Among her many companions, Edith always had cats around. As a child she played with the barn cats. One cat in particular went missing during the winter and Edith pined away, thinking he would never come back. But when spring came, the cat came back. When Cindy was in college, she brought her a black and white kitten who loved to chase and retrieve balls. That cat lived a good long cat life of 18 years.

Cats were a major theme, with cat decorations all over the house. Natalie and Sharon received cat clocks, cat sweaters, cat hats, and cat calendars for birthday gifts. They will always remember the birthdays and holiday dinners with Edith, especially when she brought kugel or sweet and sour meatballs.

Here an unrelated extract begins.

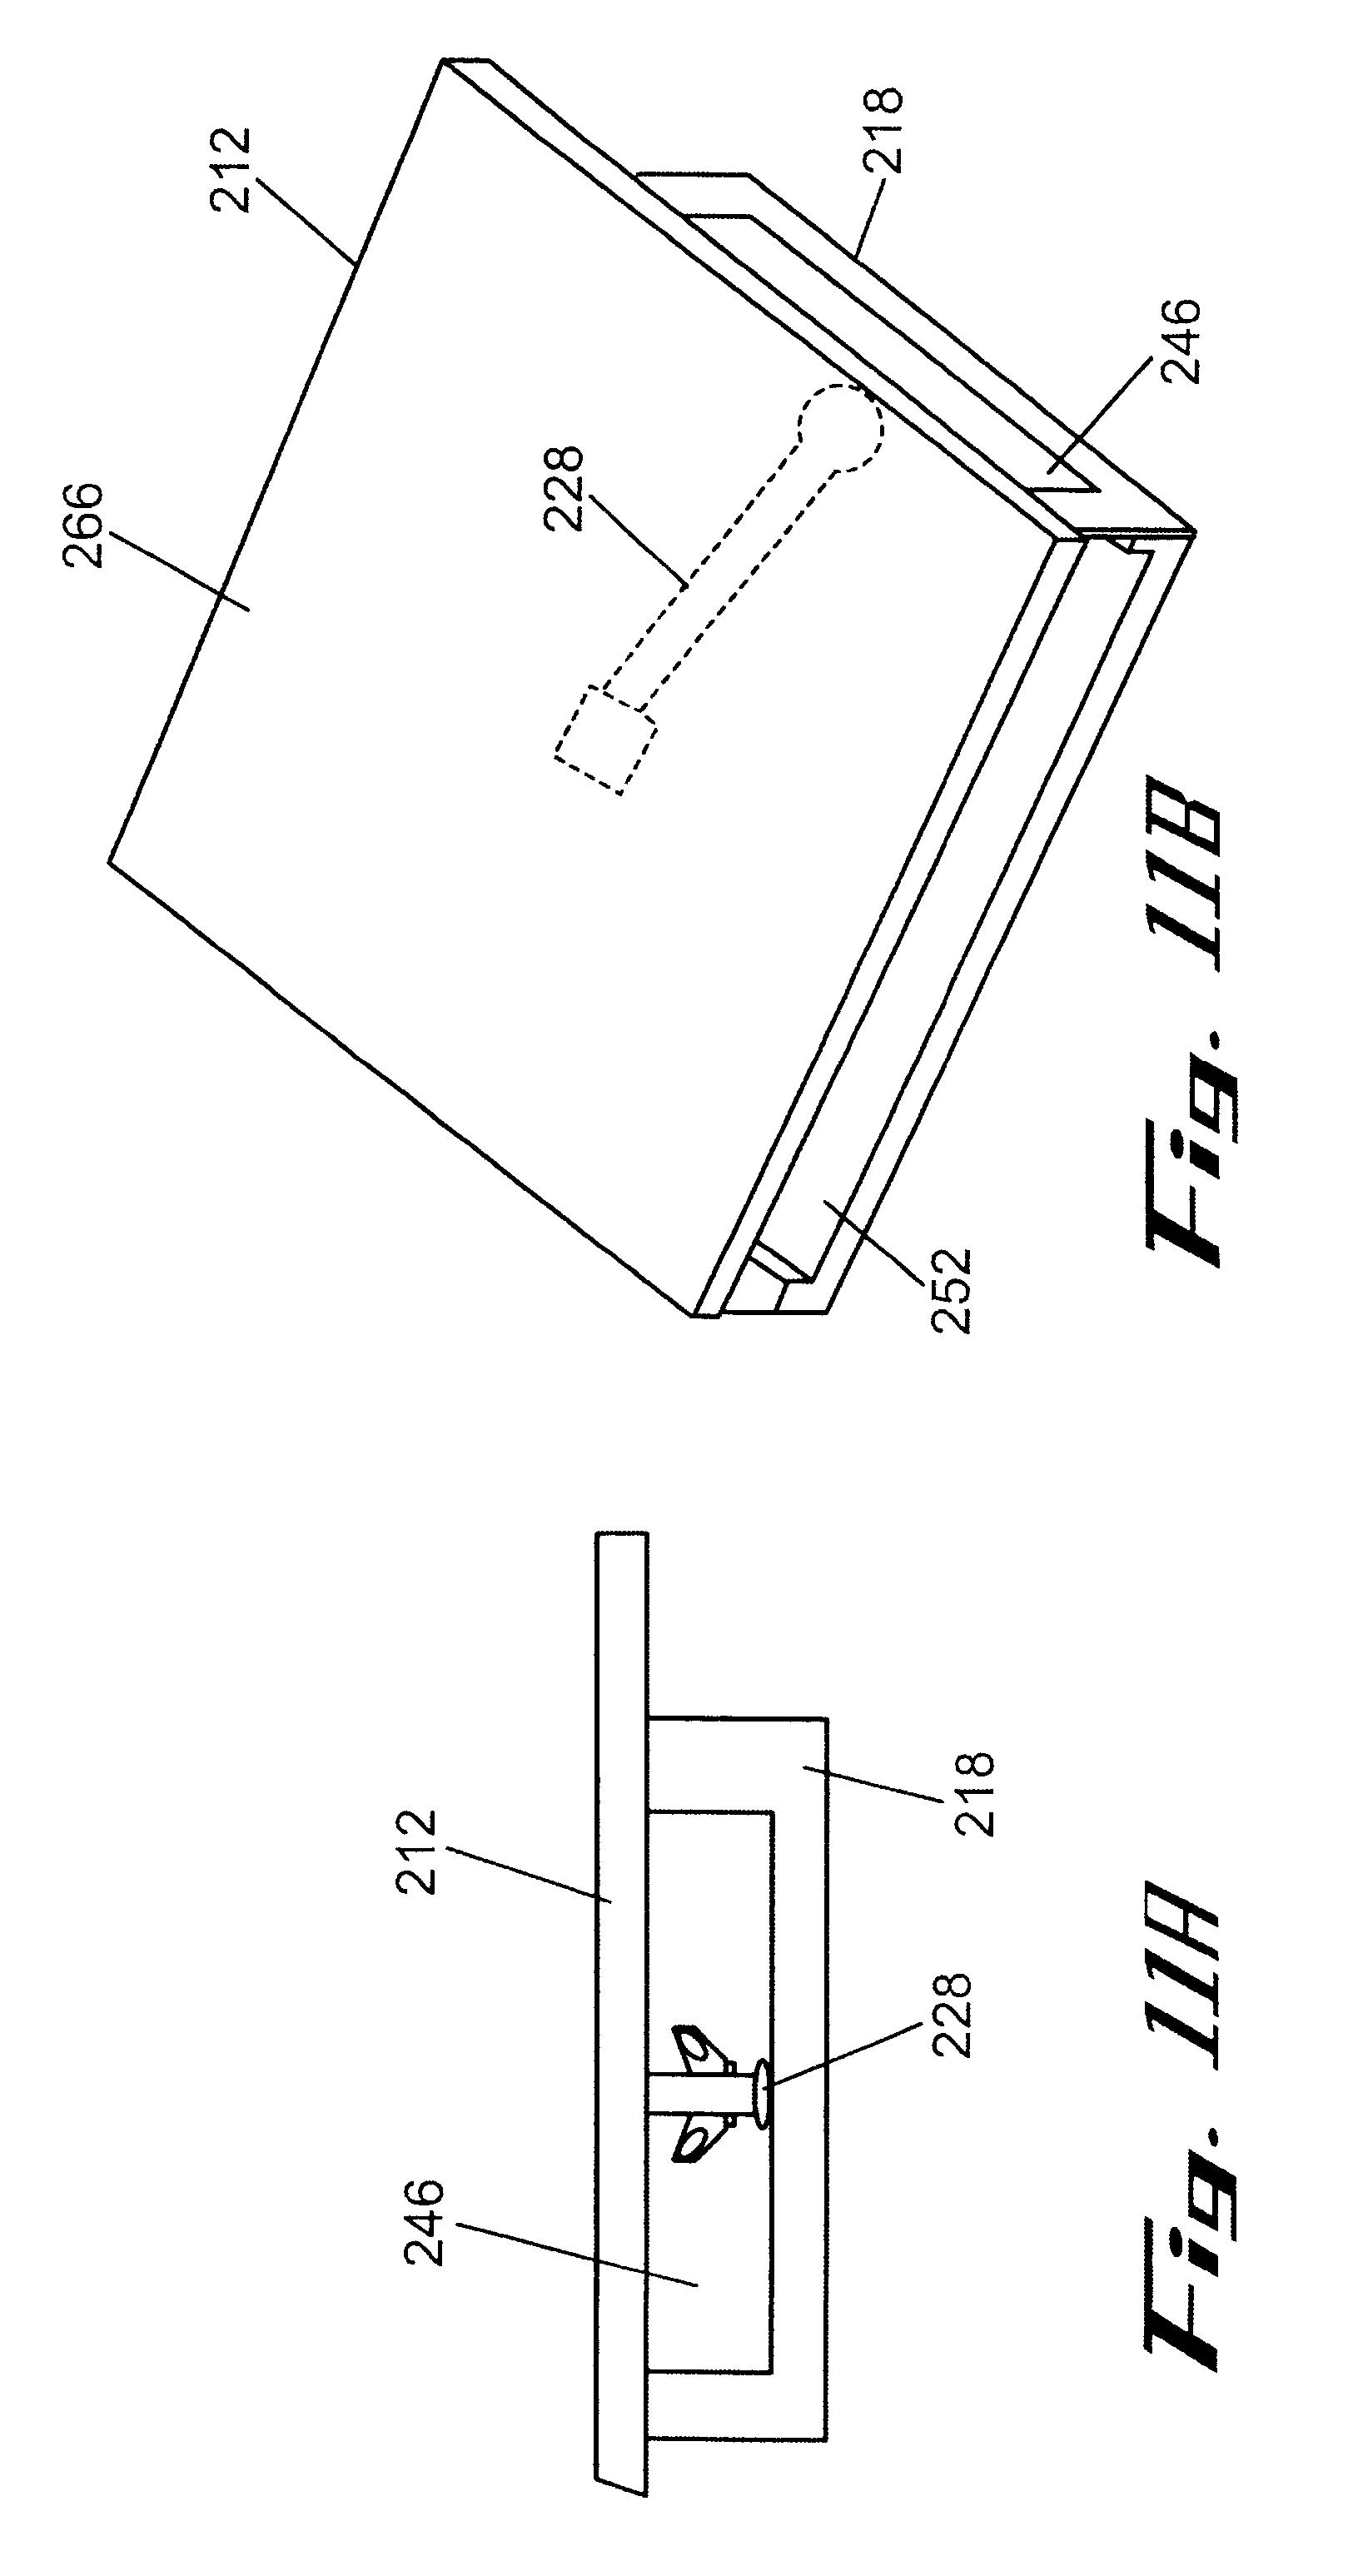 Patent Us6493220 Mobile Clinical Workstation Google Patents Ezgo Wiring Diagram 1995 Mack Truck Wiring Diagram On Clark Gcx 25e Wiring Diagram #78
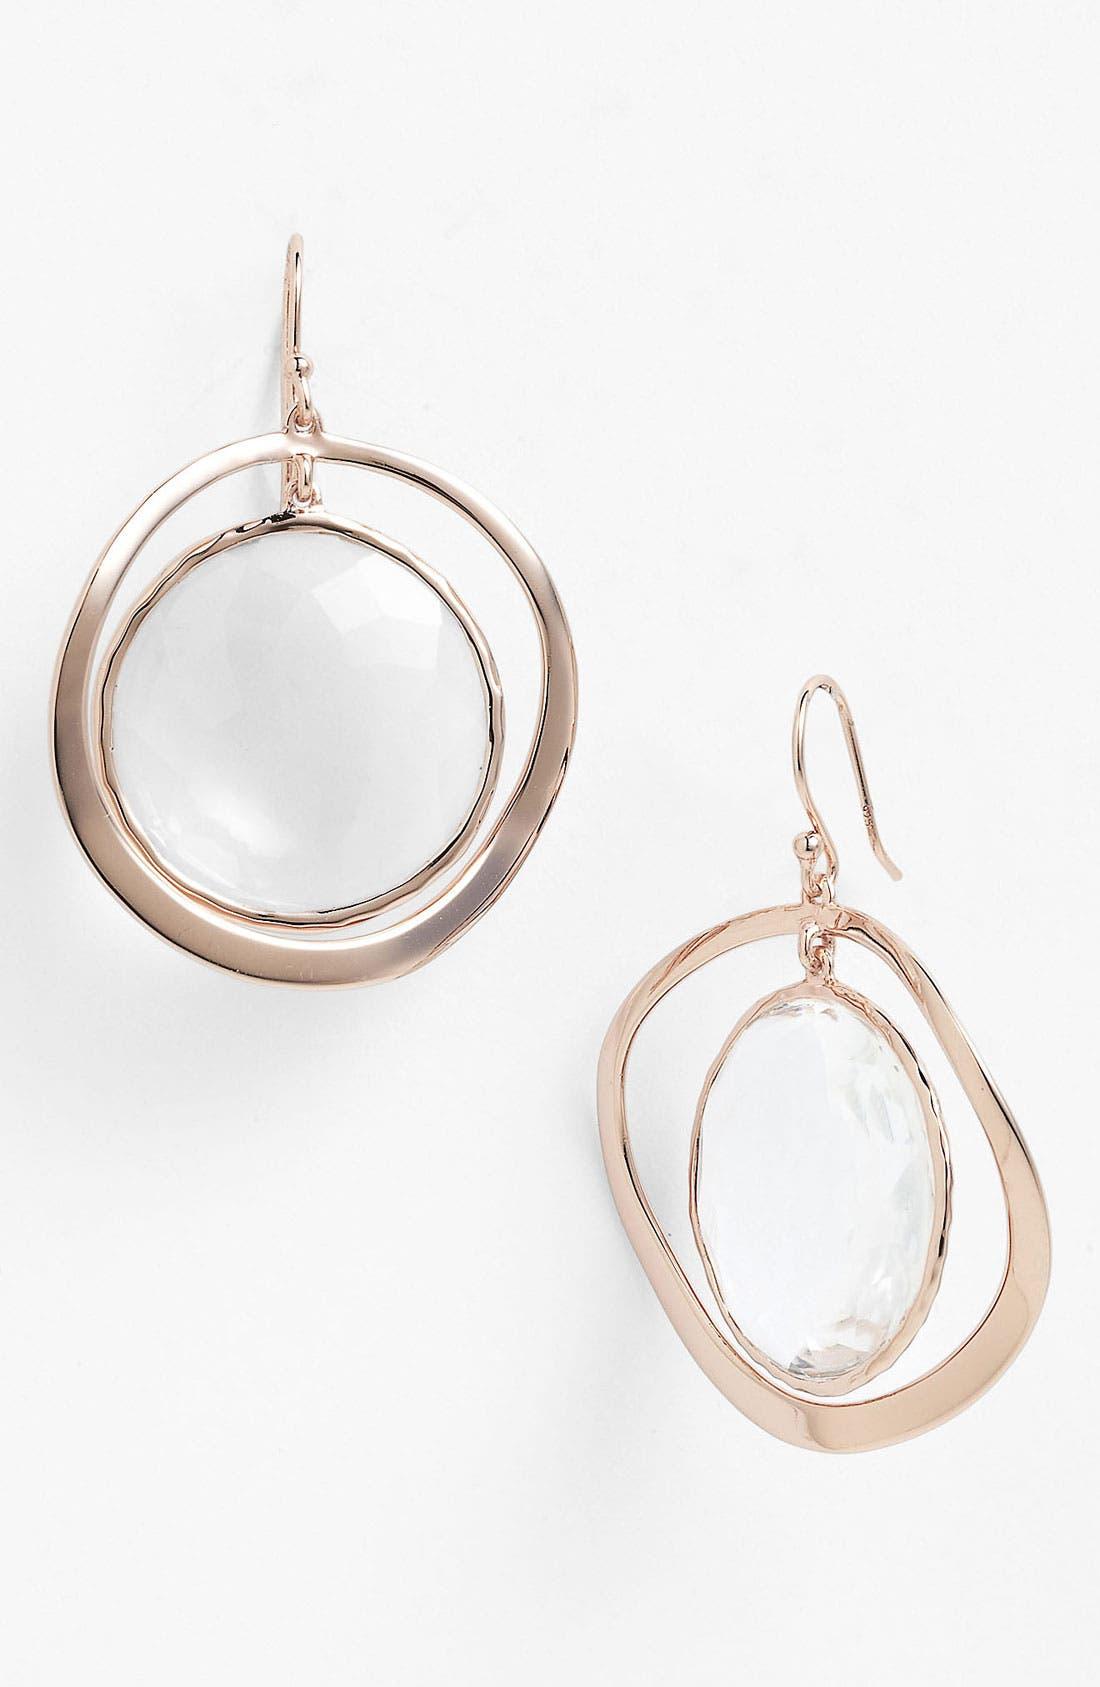 Alternate Image 1 Selected - Ippolita 'Lite Links' Round Stone Drop Earrings

The last major event when Edith was able to go out and celebrate was for Cindy’s graduation in 2010, when she received her MFA in creative writing. But the last ten years were increasingly difficult for her, and she was blessed to have Cindy there for company, to take over the financial responsibilities, to take care of the cats, and eventually, to be her caretaker. Once Edith was diagnosed with cancer two years ago, she stopped going out entirely. Because she was so meticulous about her looks, she simply didn’t want to be seen in that condition.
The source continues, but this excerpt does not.